Things are changing incredibly rapidly; the business cycle of growth, flatline and reinvention post-decline is significantly shorter. New competitors are emerging everyday, and the insularity of the global economy and speed of technology mean change is ever present and phenomenally fast. You have what you know is a brilliant idea; you take your time mulling over the various outcomes for said idea – and then someone else goes to market or shares the same idea at a meeting,and the opportunity is lost. It’s all very well to say ‘that was my idea’ – but if you haven’t made a decision on what to do with it, where’s the value?

The plethora of choices in terms of ‘how do I launch X’ – whether it be a product, a new professional standard or intellectual property – seem to be bogging down the process of actually getting from the ‘Eureka’ moment to market. With so many options in terms of suppliers, design, launch mechanisms, it seems we are unable to actually push the decisionship button. So how do we overcome the need to have an idea at the 100% right point before we are willing to say ‘just do it’?

In the last three years I have launched a business, a practice, a philanthropic arm, written a weekly blog, delivered numerous events and am in the process of writing an e-book. This is a statement of fact rather than an ‘I’m just that good’; because my point is this: at each stage I of course reviewed and researched – but I was always at 80% prior to launching.
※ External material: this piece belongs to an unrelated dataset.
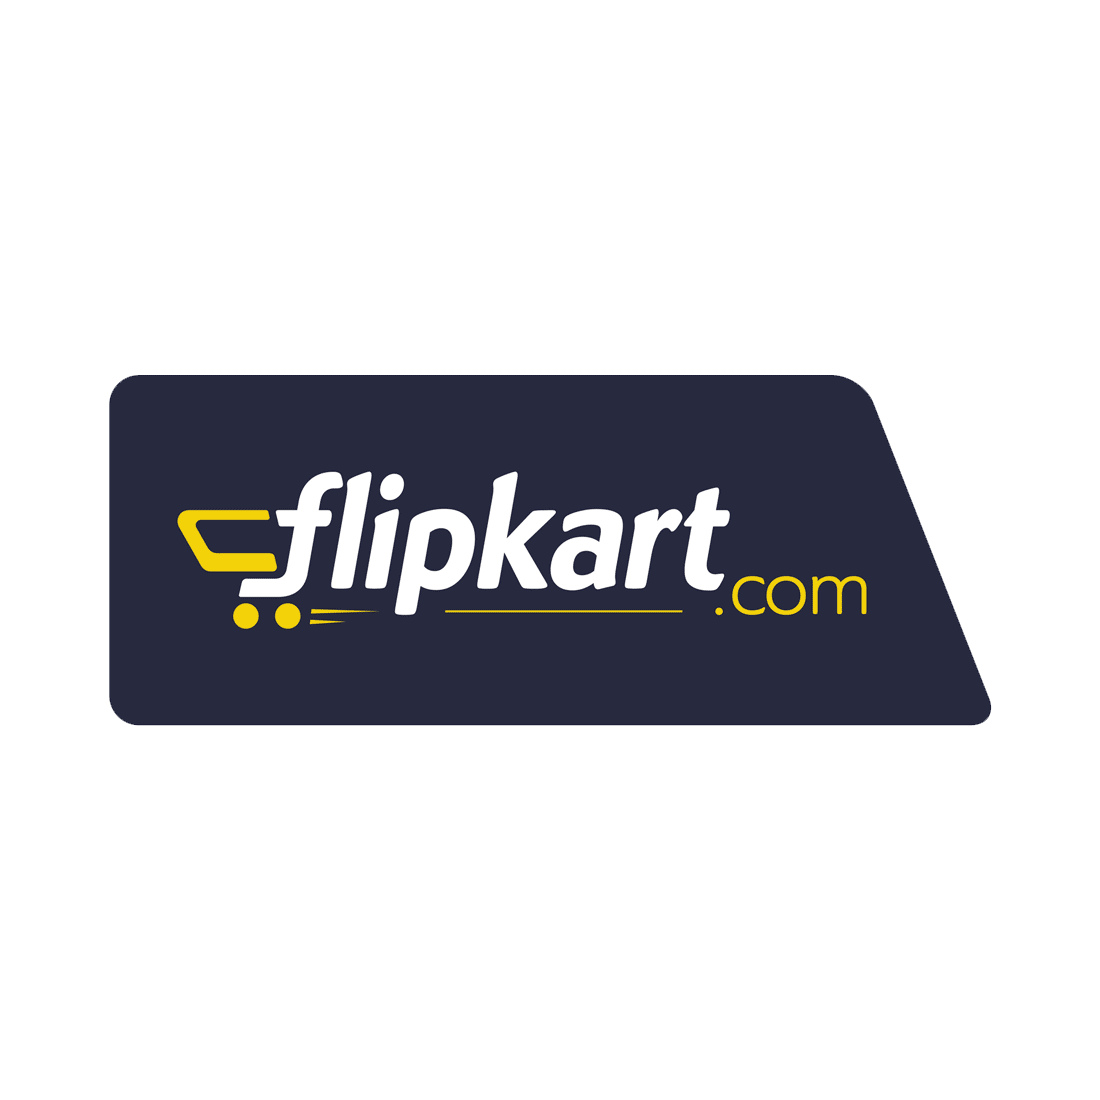 Flipkart Transparent Clipart

Not 99, not 100. It is a case of launch, learn – and evolve on the way.

Leaders in business today need to hone their decisionship skills in order to make game changing leaps. It is the leadership skill which is becoming most needed. You must set goals and then make a decision on what to deliver, how to deliver, how to measure and how to decide to continue or move on if a decision doesn’t pay off, and believe me they sometimes won’t. But if you continually search for perfection, then inevitably someone else will take the golden ring. Focus on the ‘to do list’ rather than launch, and the moment has gone, with you slapping yourself for thinking great things, but not acting on them.

Mistakes will happen. There will be things you will kick yourself for. But if you vacillate, then there is no forward momentum – and your business will have no positive outcomes.

So ask yourself this; do you want to be good, or do you want to be great at what you do?

If you said ‘great’ without hesitation, congratulations.

That’s your first big decision of the day. And it’s the best one you’ll ever make.